California’s mandatory vaccination law: here are the facts

California’s mandatory vaccination law: here are the facts

This new California law prevents parents from opting out of vaccination based on "personal beliefs," causing statewide outrage.

The California Senate passed SB 277 this week, a measure that would eliminate the “personal belief exemption” for childhood vaccination, according to Benchmark Reporter. Up until now, California parents had the option of not vaccinating their children based on “personal beliefs” about the risks and merits of certain vaccines.

As a result of the bill’s passage, children who aren’t vaccinated would not be allowed to attend daycares, preschools and public schools throughout the state. Many parents are outraged by the measure. The bill was introduced by State Senator Richard Pan of Sacramento after last year’s measles outbreak at Disneyland rekindled a heated debate on the merits of vaccination. The outbreak affected over 100 people, and vaccination is widely cited as the reason for the national decrease in measles cases over the last century.
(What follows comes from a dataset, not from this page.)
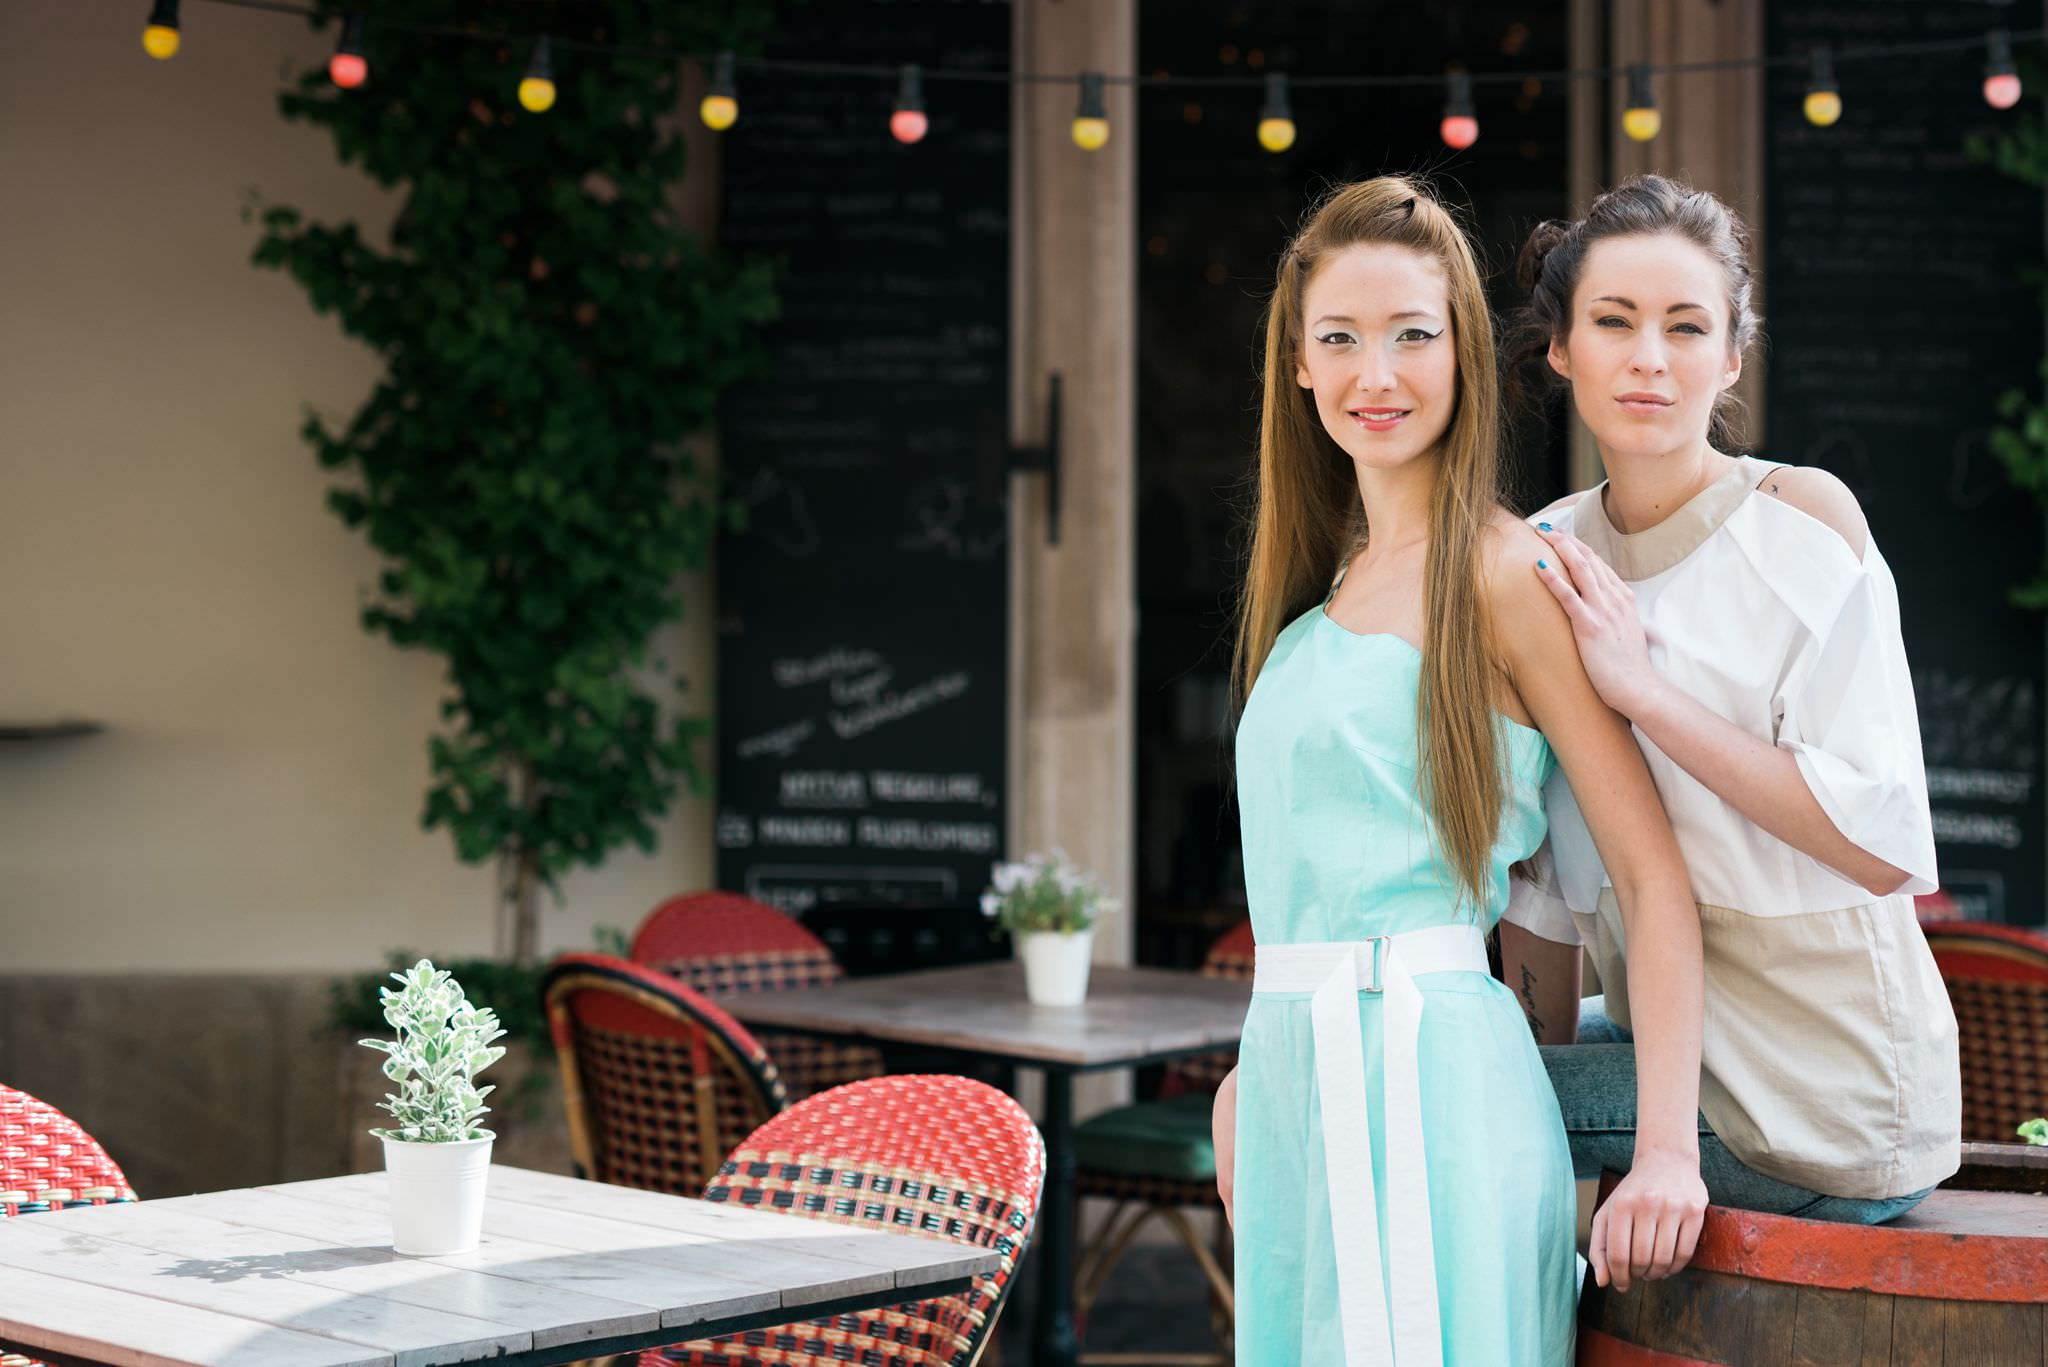 55-Rokolya_Fashion_Editorial_Lookbook_Baltazar_Budapest
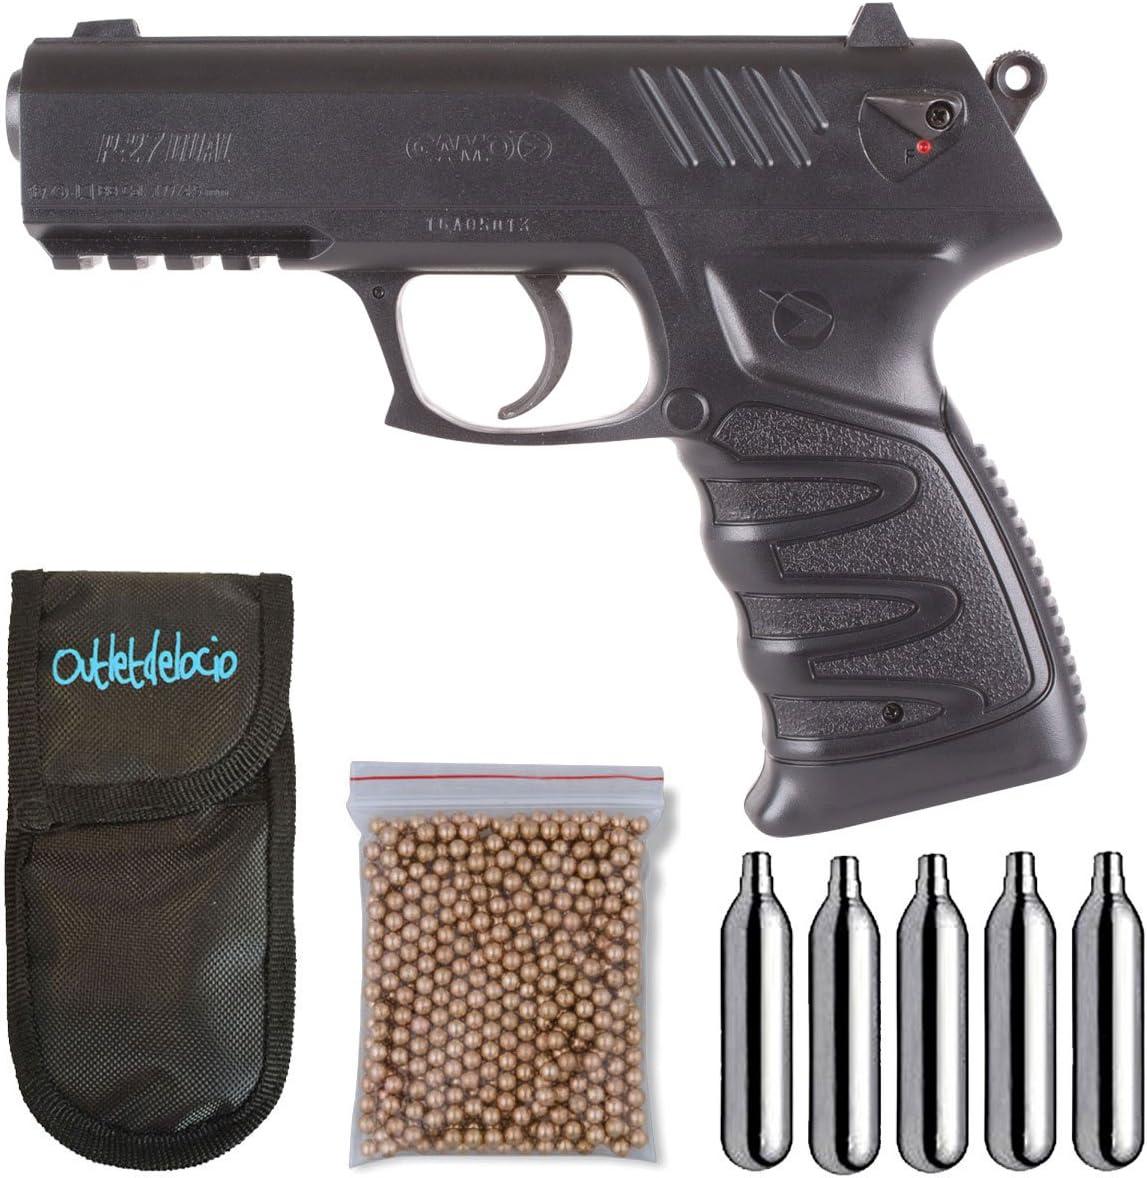 Outletdelocio. Pack Pistola Perdigón Gamo P-27 Dual. Calibre 4,5mm. Funda Portabombonas, Balines y Bombonas co2, 23054/29318/38123

There is a growing camp of au-natural parents who believe that certain vaccinations can increase the occurrence of autism in children. As a result, a growing number of parents throughout the state, albeit particularly concentrated in the highly liberal southern region, have declined to have their children vaccinated at all. The problem with this trend is that there actually haven’t been any scientific studies that can prove a link between vaccinations and autism actually exists.

Some schools in California are already below the accepted safe rate of 92 percent vaccinations. As a school passes this critical benchmark, the student population suddenly faces a drastically increased risk of a widespread infection. The more people that are resistant to a disease, the more isolated cases of that disease will be. This makes infections easier to identify and treat.

Californians have taken what would normally be a scientific issue and turned it into a rights issue. Nobody wants the government to tell them exactly what to do, but when children unnecessarily are exposed to potentially deadly diseases, what was once considered common sense becomes required by law.